- Native name: Андрей Георгиевич Шебалков
- Born: 30 October 1921 Gorkaya Balka, Svyatokrestovsky Uyezd, Terek Governorate, RSFSR
- Died: 17 June 1980 (aged 58) Zelenokumsk, Sovetsky District, Stavropol Krai, Soviet Union
- Allegiance: Soviet Union
- Branch: Red Army
- Service years: 1941–1945
- Rank: Senior Sergeant
- Unit: 34th Guards Motor Rifle Brigade, 12th Guards Tank Corps
- Conflicts: World War II Battle of Kiev; Battle of Rostov; Case Blue; Battle of Stalingrad; Battle of Kursk; Operation Bagration; Vistula-Oder Offensive; East Pomeranian Offensive; Battle of Berlin; ;
- Awards: Hero of the Soviet Union

= Andrey Shebalkov =

Andrey Georgyevich Shebalkov (Андрей Георгиевич Шебалков; 30 October 1921 – 17 June 1980) was a Red Army senior sergeant and a Hero of the Soviet Union. Shebalkov was awarded the title on 24 March 1945 for his actions during the capture of Inowrocław during January 1945. He captured the commander of German troops in the city and with his squad killed numerous German soldiers. Shebalkov demobilized after the end of the war and was arrested on charges of writing anti-Soviet letters in 1948. He was stripped of his awards and imprisoned in the Gorlag at Norilsk. After Stalin's death Shebalkov was released and his awards were restored. He worked as a mechanic in Zelenokumsk.

== Early life ==
Shebalkov was born on 30 October 1921 in the village of Gorkaya Balka to a peasant family. He graduated from seven years of school and worked as a Kolkhoz tractor driver. In April 1941, he was drafted into the Red Army. He served with the 37th Tank Regiment in Ternopil Oblast.

== World War II ==
Shebalkov fought in the retreat to the east after Operation Barbarossa, the German invasion of the Soviet Union. He fought in the defense of Kremenchug and Pyriatyn, as well as Poltava Oblast and Kharkov Oblast. In December 1941, Shebalkov fought in the Battle of Rostov. During the summer of 1942 he fought in the Soviet retreat to the east after the German offensive Case Blue. Shebalkov's unit ended in the Battle of Stalingrad, in which he was deputy commander of a reconnaissance platoon with the 15th Motor Rifle Brigade. He fought in the Battle of Kursk and in Ukraine and Romania. Serving in a unit with the 2nd Guards Tank Army, Shebalkov fought in Operation Bagration and the capture of Radom, Lublin, Dęblin, and Garwolin. He was wounded three times. In 1944 he became a Communist Party of the Soviet Union member. On 26 September he was awarded the Medal "For Courage" for actions between March and June.

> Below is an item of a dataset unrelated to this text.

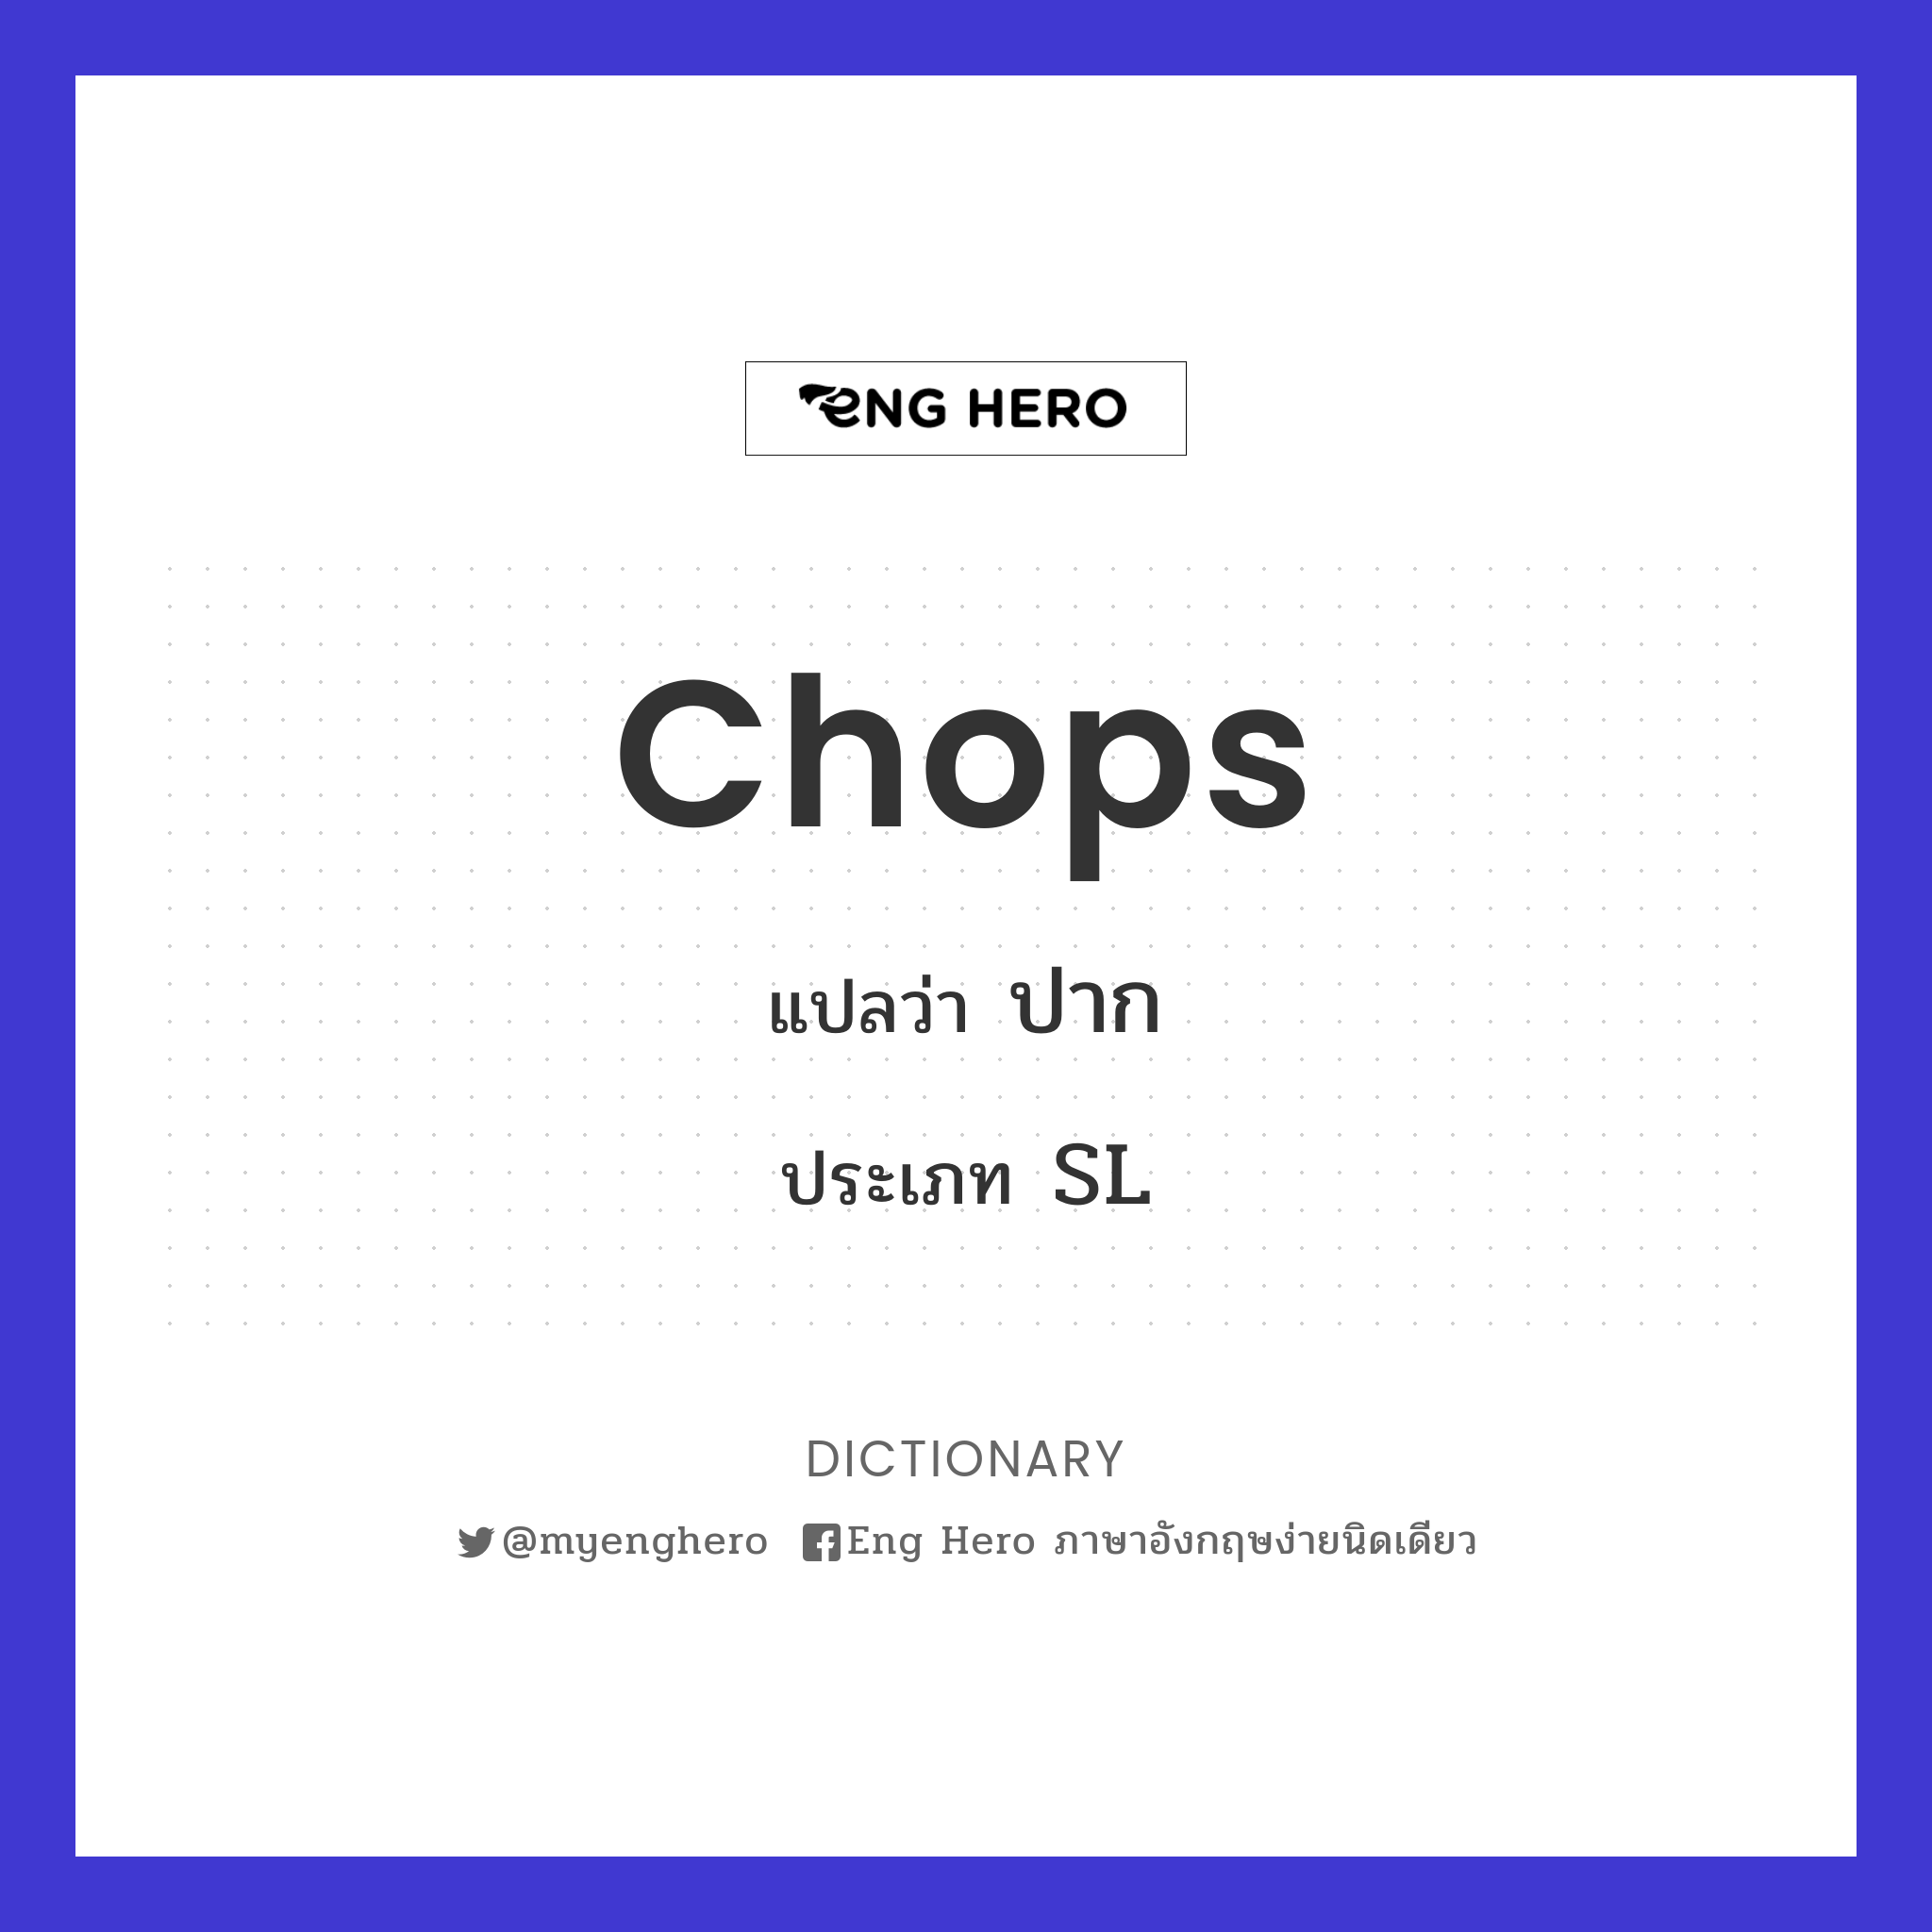 chops
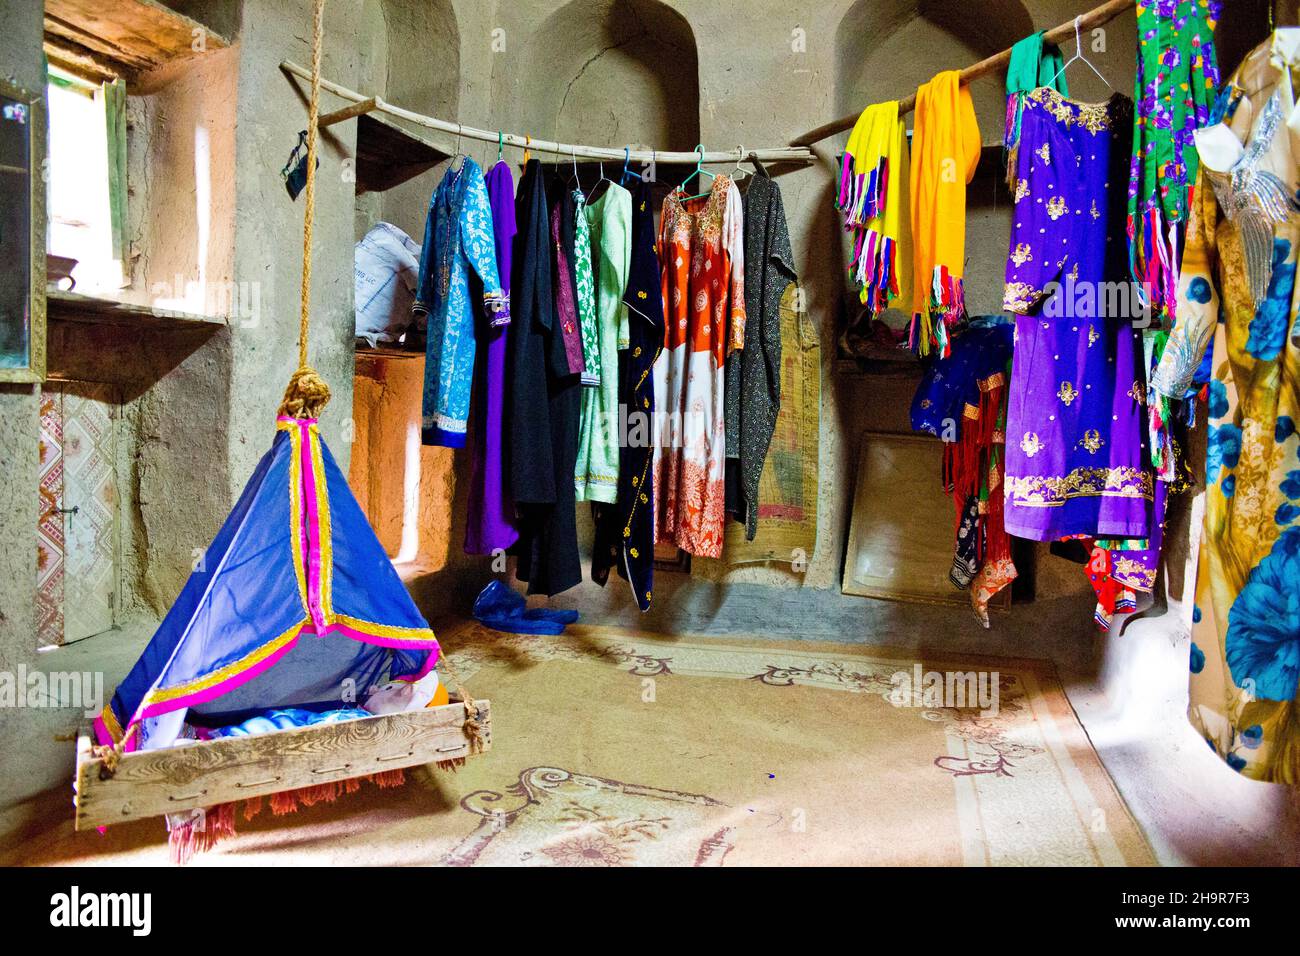 Carril de ropa y cuna, casa tradicional, Museo Bait al Safah de Historia Local, antiguo asentamiento de barro Al Hamra, Al Hamra, Omán Foto de stock

By January 1945, Shebalkov was a deputy submachine gun squad leader in a motor rifle battalion of the 34th Guards Motor Rifle Brigade of the 12th Guards Tank Corps. He fought in the Vistula–Oder Offensive in January 1945. The battalion advanced ahead of main forces with the brigade's advanced units. On 19 January, during fighting for Radziejów, Shebalkov was reported by his commanding officer to have destroyed German positions blocking the battalion's advance. On 21 January, the battalion along with armored units of the brigade advanced into Inowrocław. Advancing through the streets, Shebalkov captured a fortified building with his squad. He helped capture a German commander's headquarters and a cinema. During the fighting he surprised German officers holding a meeting and captured the city commandant, who took refuge in a sewer. Leading a squad against a battery of anti-tank guns, Shebalkov killed several German soldiers, and with a captured gun destroyed a German tank. On 24 March 1945 Shebalkov was awarded the title Hero of the Soviet Union and the Order of Lenin for his actions.

Shebalkov fought in the East Pomeranian Offensive and the Battle of Berlin. Shebalkov was awarded the Order of the Red Star on 10 April for his actions on 7 March. On 29 April he was wounded during street fighting in Berlin and evacuated to a hospital.

== Postwar ==
In October 1945 Shebalkov was demobilized with the rank of senior sergeant. He returned to his native village and worked as a manager at a cooperative in the Vorontsovo-Aleksandrovskogo District Consumers Union. On 11 April 1948 he was arrested on charges of sending anti-Soviet letters to Communist Party organizations. He was sentenced to a decade-long term of imprisonment and stripped of his awards. Shebalkov was imprisoned in the Norilsk Gorlag camp, where he participated in the Norilsk uprising. In 1954, after Stalin's death, Shebalkov was released and rehabilitated. On 11 November 1957 his awards were restored. He lived in Zelenokumsk and worked as a mechanic at the Elektroapparat Factory, and later in hydropower. Shebalkov died on 17 June 1980 and was buried in Zelenokumsk.